The Council’s consultant provides training and technical assistance to the grantees. This includes training and coaching on supported employment best practices: finding the right job match, conducting a job and task analysis, using systematic instruction and fading, etc. It also includes educating and empowering employers; being clear about the job coach role to other staff and supervisors; developing natural supports; and, when needed, identifying and negotiating paid coworker support arrangements.
This project fulfills a number of pressing needs:
• There are not enough job coaches to support the number of people with disabilities who want to work.

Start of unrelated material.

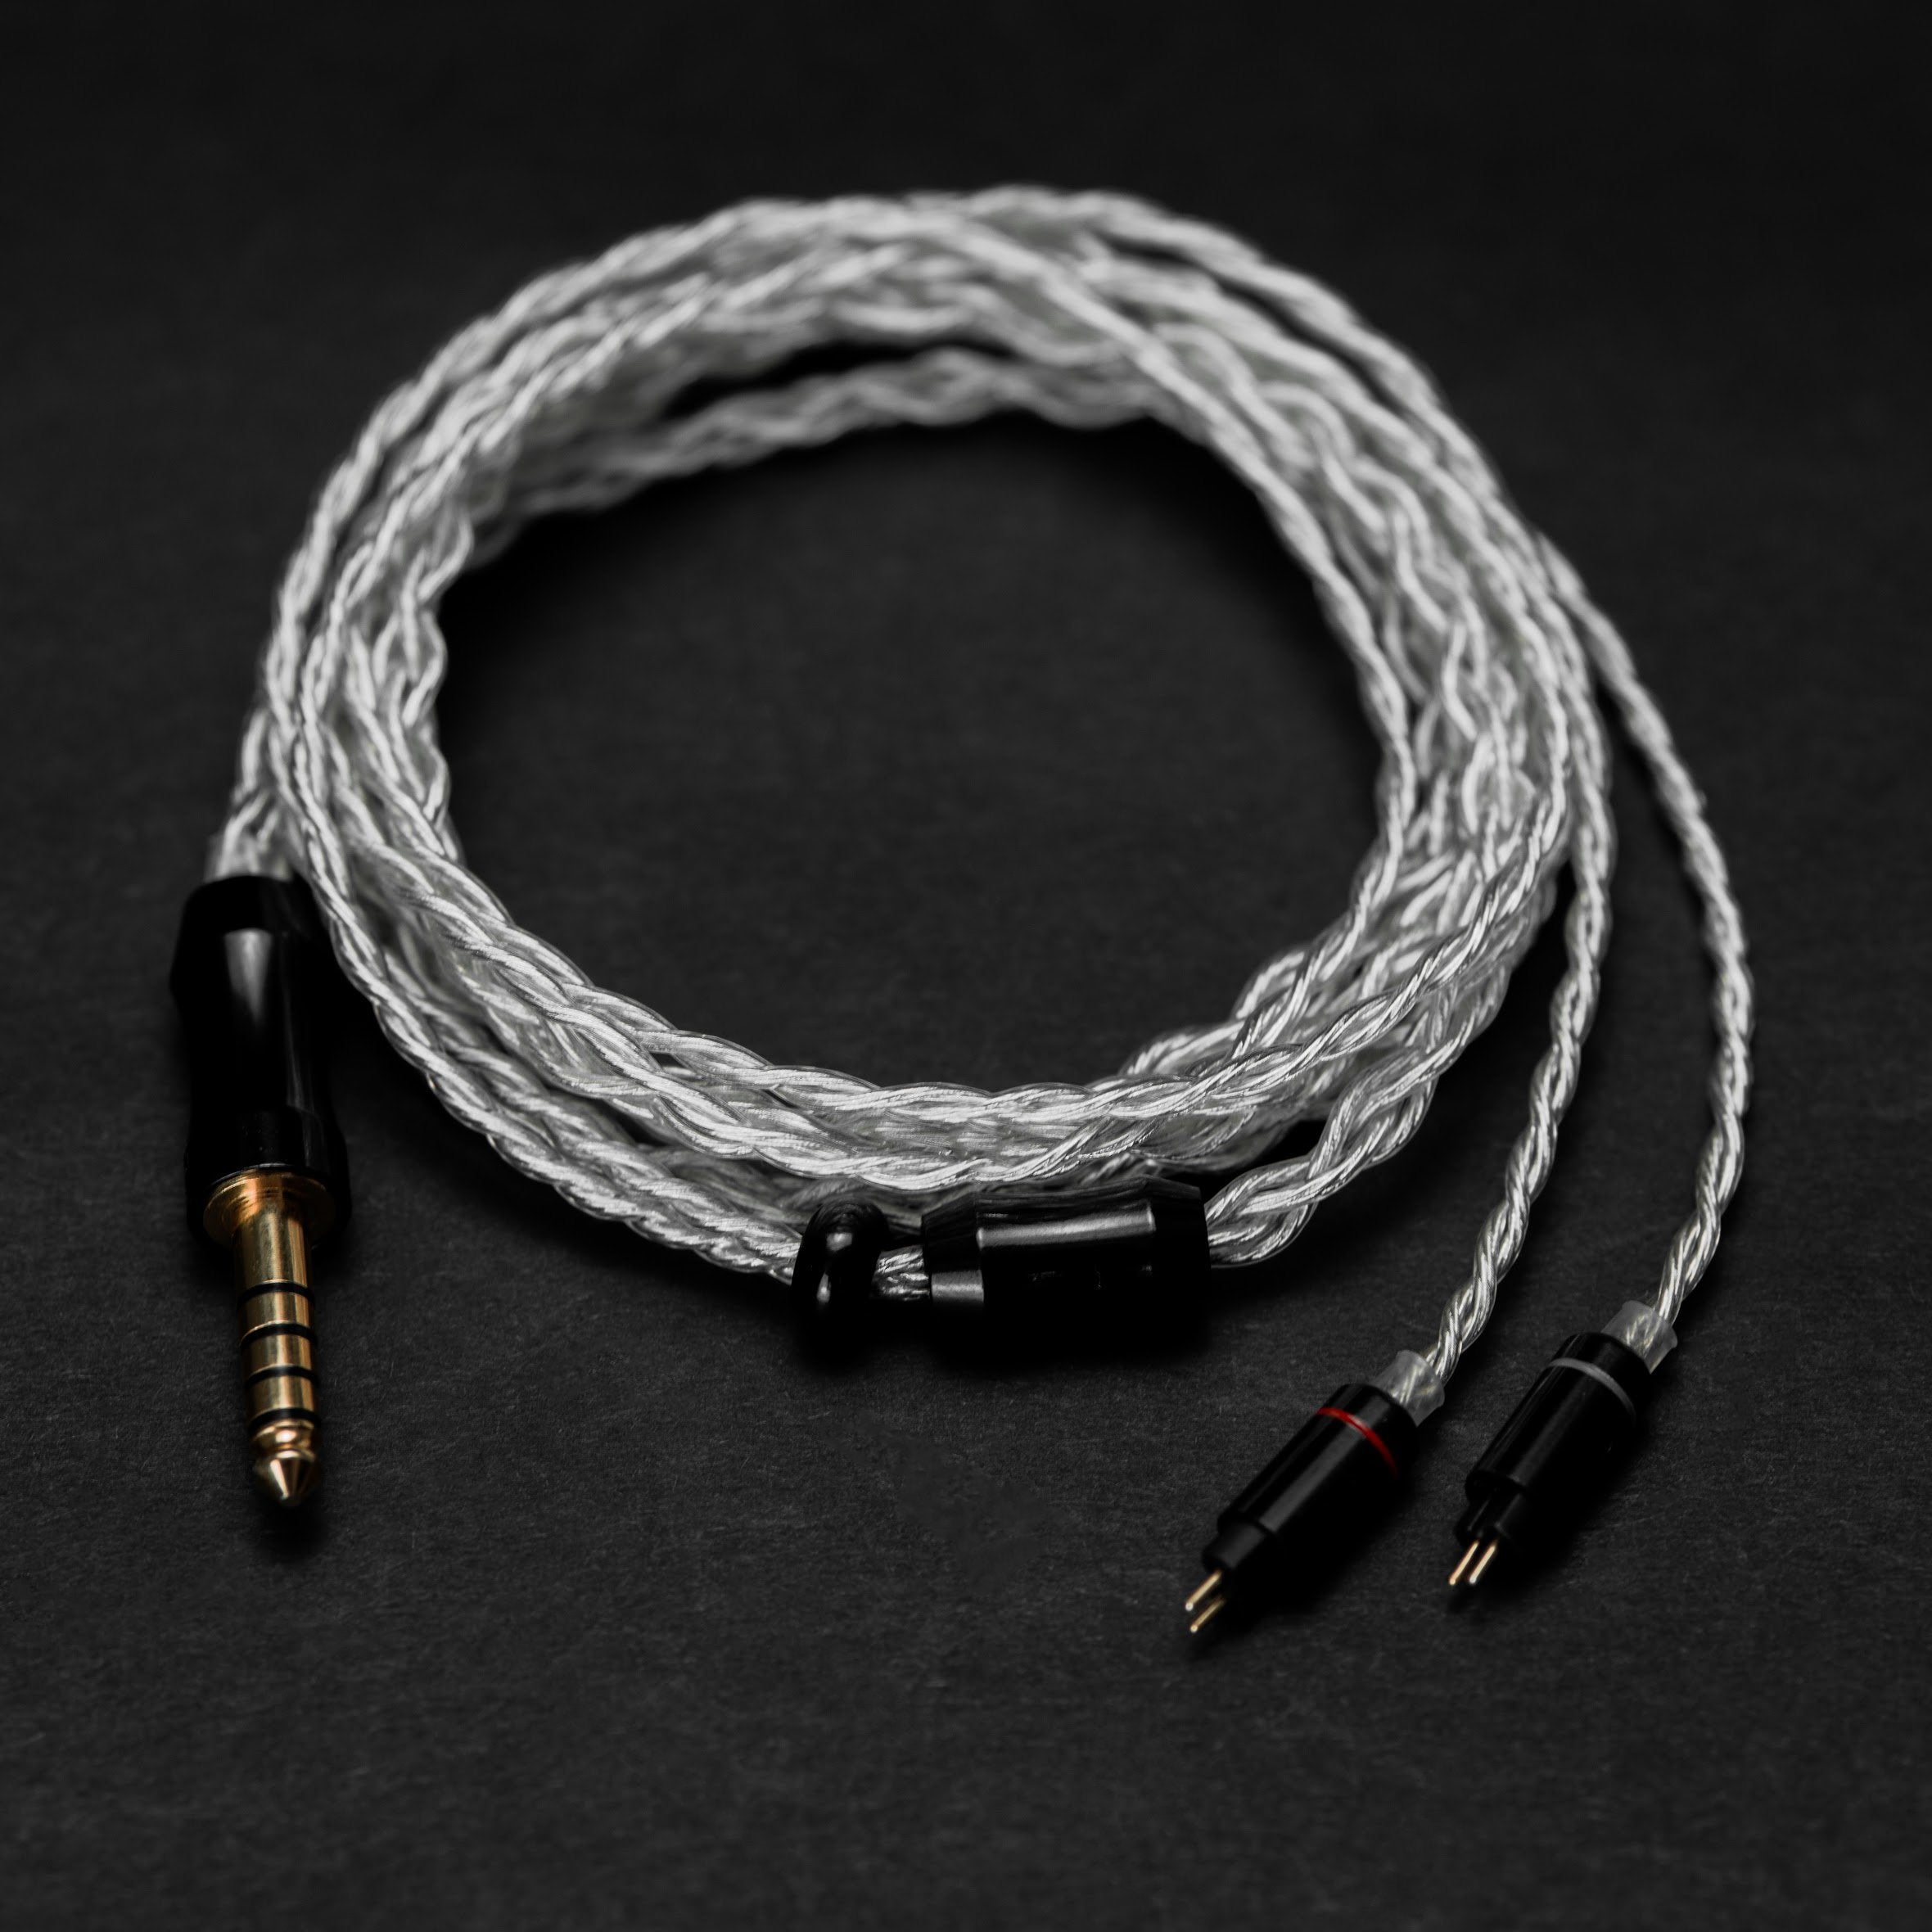 Crimson Micro Cord ca 1 mm accessory cord

• Service provider agencies need access to strong supported employment training and technical assistance for their staff. Many agencies follow an older model of job coaching that can result in both the employee with a disability and the employer becoming dependent on the job coach.
• Some employees with disabilities do not want a job coach with them as it sets them apart from their coworkers. Many employees with disabilities want to be as independent as possible.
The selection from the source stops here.